According to a recent poll, fully 41% of Americans believe that the Second Coming of Jesus Christ will happen within their lifetimes. This is a staggeringly high number, and no explanation of the recent political events in the US, including the election of Donald Trump, the move of the American Embassy to Jerusalem, and the backlash against environmentalism and globalism, can be adequate without taking into account the history and culture of apocalyptic beliefs. In her book, Lisa Vox attempts to do just that. There is no denying the importance of the task; whether she succeeds is a different matter.
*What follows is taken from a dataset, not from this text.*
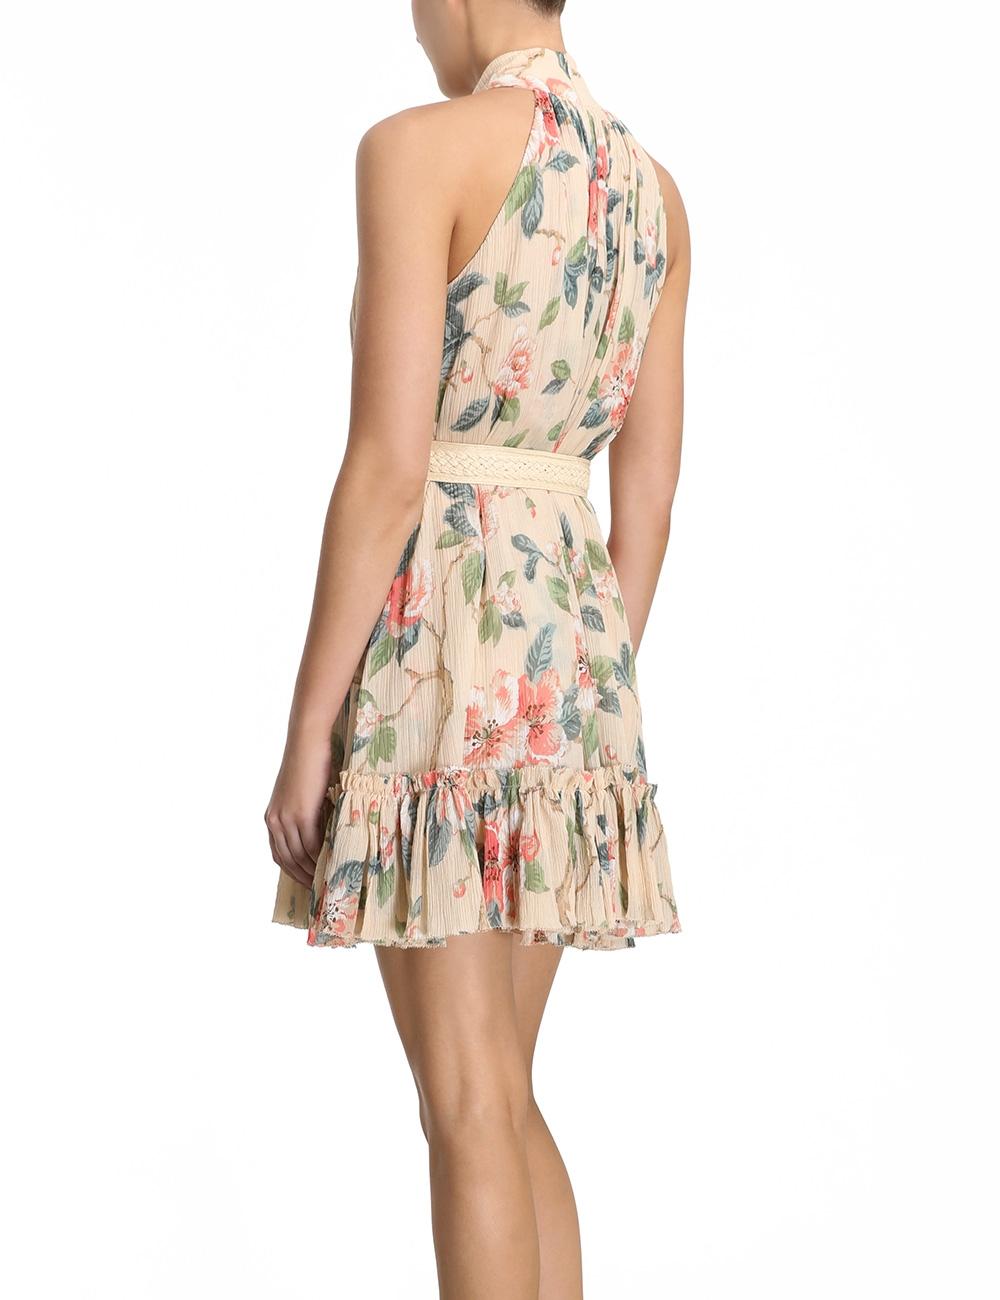 Kirra Short Halter Dress

Vox argues that there is a common historical trajectory that unifies such seemingly disparate phenomena as the evangelical Rapture industry, churning out thousands of books and movies (the blockbuster Left Behind series and others); the Walking Dead zombie-entertainment franchise; and the environmental doom and gloom. The argument, while not new, is cogent. Proving it, or uncovering the deeper cultural roots of the American Apocalypse, however, requires a methodological set of tools that combines history of ideas with rhetorical and political analysis. This is where Existential Threats falls short of its promise.

The majority of evangelical believers in the US who are firmly convinced that they are simply "Biblical Christians," in fact subscribe to a relatively new and esoteric theology. It is called "dispensational premillennialism" and was introduced by the British pastor John Nelson Darby in the 1830s. Despite its tongue-twisting name, the core of this theology is relatively simple: the Second Coming is at hand; the Book of Revelation of St. John the Divine, the last book of the Christian Bible, is literally true and describes in exact details the near future; the faithful will be "raptured away" just before the bad stuff happens, while the rest of humanity will perish in various unpleasant ways. "Dispensational" refers to the division of human history into various ages or "dispensations": "The current dispensation would end after the Rapture when the unbelievers left on earth would undergo a seven-year 'Tribulation', in which the Antichrist would rise to power" (Vox 13).

One might wonder why such a strange belief, all but extinct in the land of its birth, Great Britain, has had a powerful hold on the USA. Vox endeavors to answer this question by tracing the roots of apocalyptic beliefs in the 19th century, particularly in the aftermath of Charles Darwin's revolutionary Origin of Species (1859). In opposition to the common assumption that science and religion are perpetually at odds, Vox argues that they are ideologically and rhetorically intertwined. She aims to show how "the nineteenth and twentieth century Americans interpreted scientific and technological threats to humanity through an eschatological framework by using languages of science and religion" (x). To do so, she embarks on a wide-ranging survey of cultural trends in the UK and the USA, that includes everything from Mary Shelley's The Last Man (1826) to Tim [End Page 190] LaHaye's and Jerry Jenkins' Left Behind series (1995–2007); from H. G. Wells' Time Machine (1895) to Ronald Reagan's "evil empire" speech (1983); from Rachel Carson's Silent Spring (1962) to 9/11. Precisely because of its dizzying breadth, her exploration offers few substantial answers. At several points in the book it becomes hardly more than a listing, alluding to novels, movies, philosophical treaties, political events and theological exhortations with no obvious reason. Why The Time Machine but not The War of the Worlds? Why Philip K. Dick but not Isaac Asimov? Why environmentalism but not neo-Nazism?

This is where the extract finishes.